Recursive performance test notes

Recursive performance test notes

The following are three methods to print the values ​​of the first N items of the Fibonacci sequence in turn and test the performance of various implementation codes.

Question: Print the values ​​of the first N items of the Fibonacci number sequence in order:

# If F(n) is the nth item of the sequence (n∈N*), then this sentence can be written as follows: F(n)=F(n-1)+F(n-2)

# F(0)=0,F(1)=1,F(n)=F(n-1)+F(n-2)

[Implementation method 1: for loop] : Print the values ​​of the first N items of the Fibonacci sequence in turn:

    code show as below:

import datetime
start = datetime.datetime.now()
pre = 0
cur = 1  #No.1
dight = int(input('please enter a number(dight):'))
print(cur,end=' ')
for i in range(dight-1):
    pre, cur = cur, pre + cur
    print(cur,end=' ')
stop = (datetime.datetime.now() - start).total_seconds()
print('\n','program run time is :{}'.format(stop))

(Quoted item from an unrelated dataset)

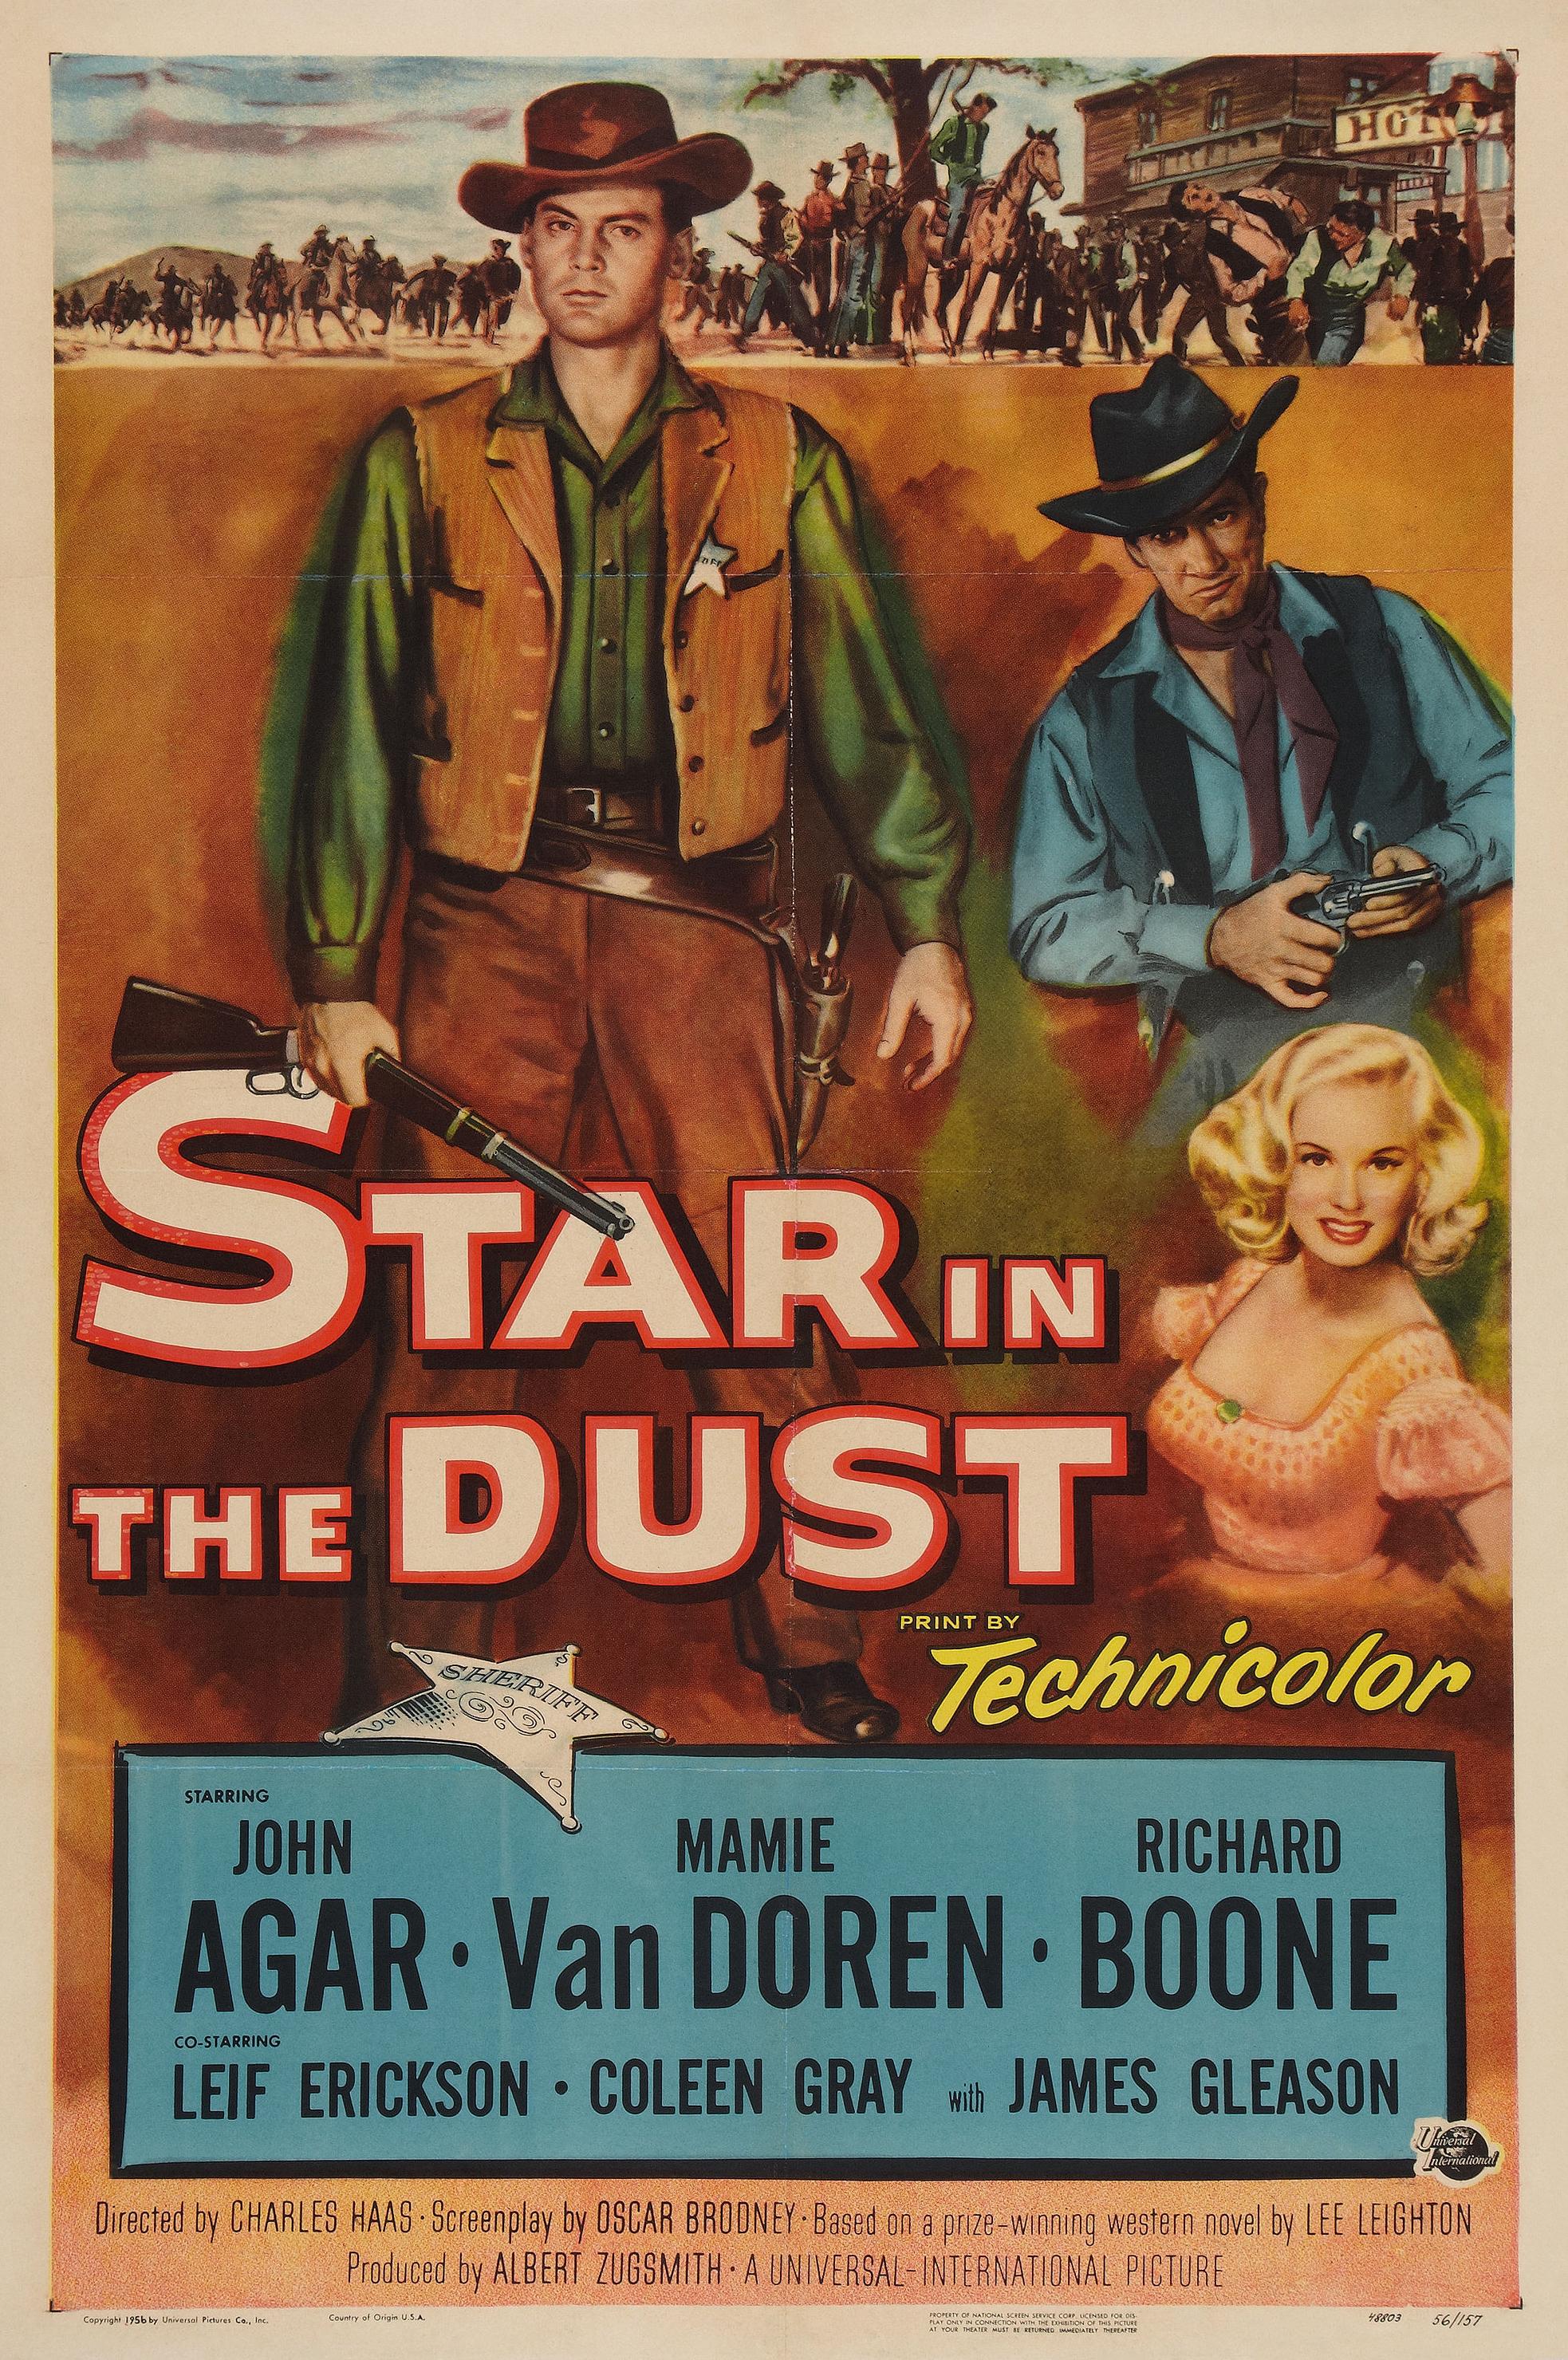 John Agar, Richard Boone, and Mamie Van Doren in Star in the Dust (1956)

   The effect is as shown in the figure:

[Implementation method 2: recursive implementation, with the least code and low efficiency]: print the values ​​of the first N items of the Fibonacci sequence in turn:

     code show as below:

start2 = datetime.datetime.now()
dight2 = int(input('please enter a number(dight2):'))
def fib(dight2):
    return 1 if dark2<2 else fib(dight2-1)+fib(dight2-2) #Trinary operation.
# dight2 = int(input('please enter a number(dight2):'))
for i in range(dight2): #for loop calls the fib function.
    print(fib(i),end=' ')
fib(dight2)
stop2 = (datetime.datetime.now() - start2).total_seconds()
print('\n','program two run time is :{}'.format(stop2))

    The effect is as shown in the figure:

    

[Implementation method 3: recursive implementation, improved code, relatively high efficiency]: print the values ​​of the first N items of the Fibonacci sequence in turn:

    code show as below:

start3 = datetime.datetime.now()
pre = 0
cur = 1
dight3 = int(input('please enter a number(dight3):'))
print(cur,end = ' ')
def fib(dight3,pre =0,cur =1):
    pre, cur = cur, pre + cur
    print(cur,end= ' ')
    if dight3==2:
        return
    fib(dight3-1,pre,cur)
fib(dight3)
stop3 = (datetime.datetime.now() - start3).total_seconds()
print('\n','program run time is :{}'.format(stop3))

    The effect is as shown in the figure:

       

    Performance summary:

            Compared with the for loop, the efficiency is the highest. Code 2 is normal through recursion, with a small amount of code, but the execution efficiency is very low. With the deepening of the recursion depth, the efficiency is lower.

            Code 3 is to improve the code by recursively calling the function itself. Relatively speaking, the efficiency is improved a lot, but as the recursion depth deepens, the efficiency will drop a lot.

     Recursive performance:

            The loop is a little more complicated, but as long as it is not an infinite loop, it can iterate many times until the result is calculated.

            The fib function code is very easy to understand, but only the outermost function call can be obtained, and the internal recursive results are all intermediate results. And given a n has to be near

            2n recursion, the deeper the depth, the lower the efficiency. In order to obtain the Fibonacci sequence, it is necessary to set up a loop of n times, and the efficiency is even lower.

            The recursion also has a depth limit. If the recursion is complicated, the function is repeatedly pushed onto the stack, and the stack memory will soon overflow.
    Think: Can this minimal recursive code improve performance?
       Answer: No, because the depth of code recursion is deepened, the efficiency will decrease linearly, and the Fibonacci sequence has loops in the outer layer, and the efficiency will be lower.